Hmm never heard of those books
 
Anytime
 
Even though most people i know think these books are monogamous focus Wild at Heart and Captivating by John Eldredge are good books for understanding the differences of heart that God gave men and women. Wild at heart is actually the book I was reading when my perspective about PM changed.
Check out Kingdom Men by Tony Evans.
 
I'm guessing that pointing out that he would be sleeping with two women is too low brow? The high minded approach is admirable and scripture study and hard nosed, clear eyed thinking is important but there's nothing wrong with adding some milk and sugar to your oatmeal.

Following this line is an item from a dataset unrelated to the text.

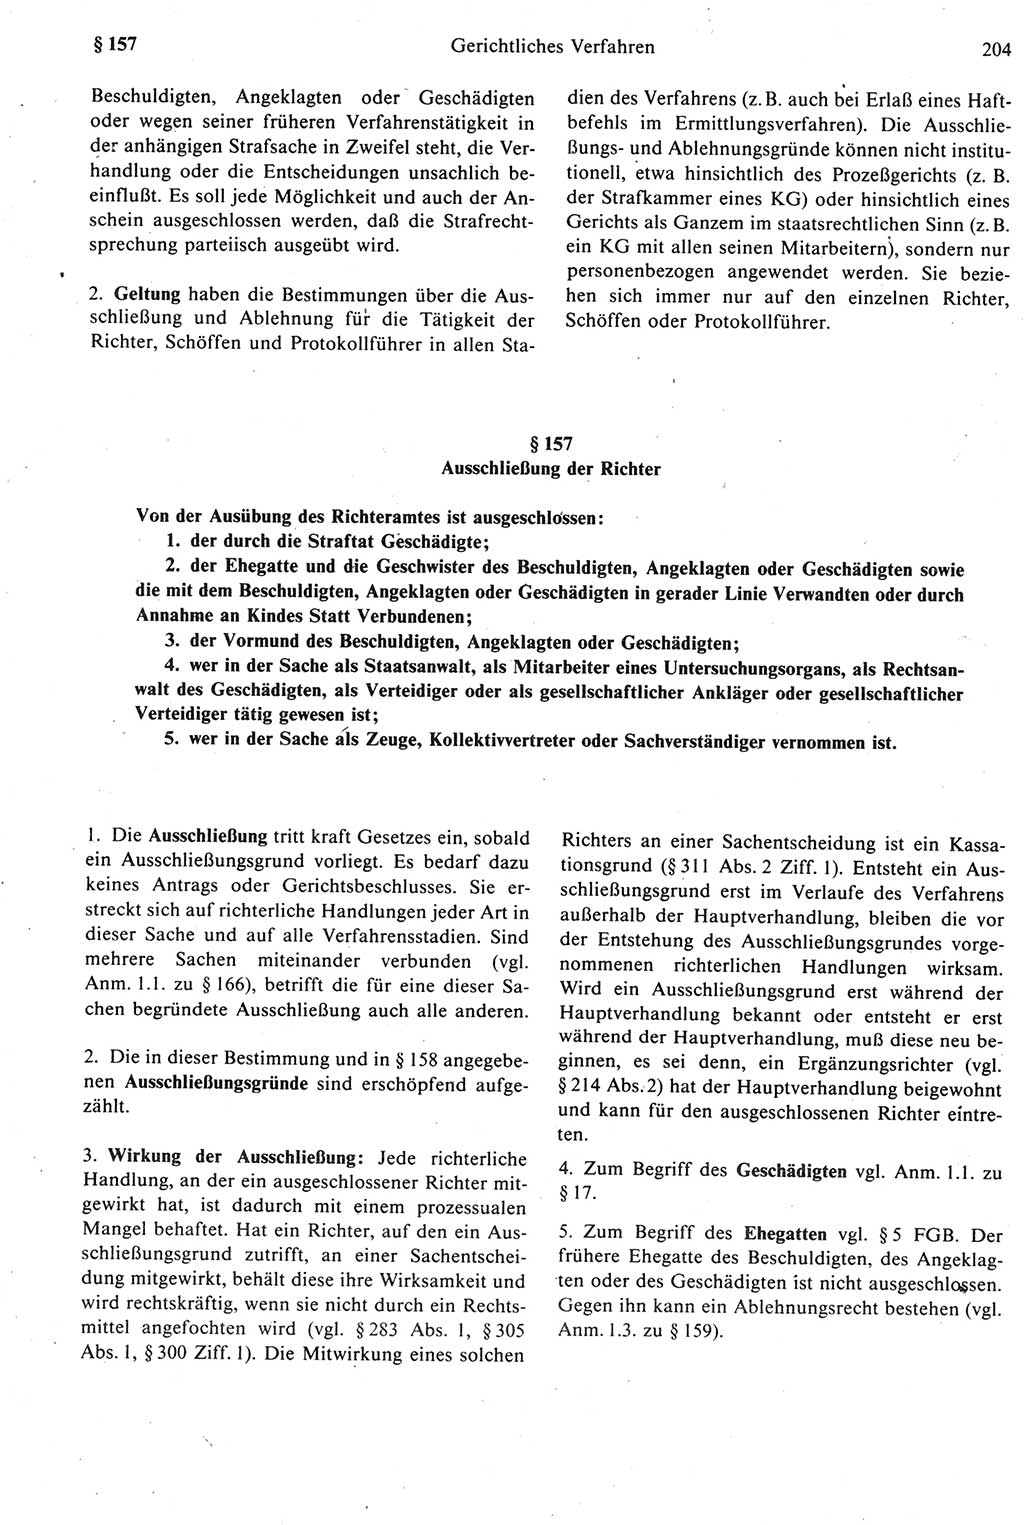 Strafprozeßrecht der DDR [Deutsche Demokratische Republik], Kommentar zur Strafprozeßordnung (StPO) 1987, Seite 204 (Strafprozeßr. DDR Komm. StPO 1987, S. 204)

I'm mean we're talking about convincing a man of the efficacy of two wives. This ain't ice boxes and eskimoes.
 
Can I ask how you guys get through the closeminded parts of accepting PM. My husband is an amazing man but doesn't support PM but supports me. I want to be the wife that he needs me to be. I am where I feel God needs me and it's great. How do I at least open up his mind to PM. Or at least give him some understanding of it.

Not all are called to it. I do not think you should try to talk him into doing someething that he does not want to do, or is not led to do.

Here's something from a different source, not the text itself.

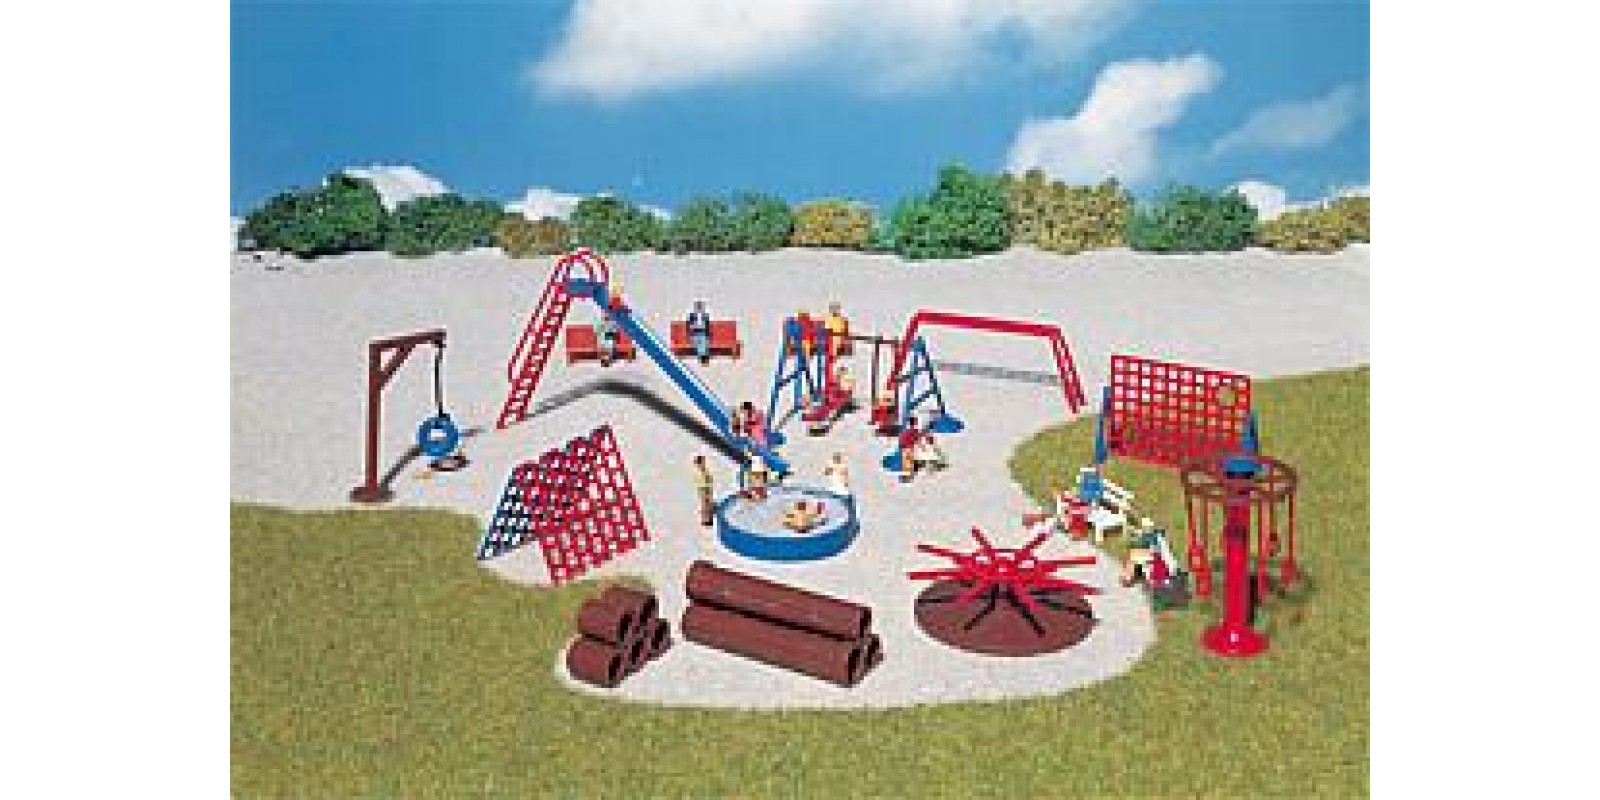 Fa180576 	 Playground equipment

You can prepare yourself for it. You can become knowledgable about it. You can let him know that you are open to it if that were a direction that he was interested in, but I would not recommend nagging him about it. A word to the wise is sufficient and all of that.
 
My wife and I started the discussion after watching episodes of the TV show "Big Love". The TV show is mormon polygamy, but for the most part I enjoyed the show and it got the conversation started. From there I went to study it for myself in the Bible and reading various sites online.
 
Not all are called to it. I do not think you should try to talk him into doing someething that he does not want to do, or is not led to do.

You can prepare yourself for it. You can become knowledgable about it. You can let him know that you are open to it if that were a direction that he was interested in, but I would not recommend nagging him about it. A word to the wise is sufficient and all of that.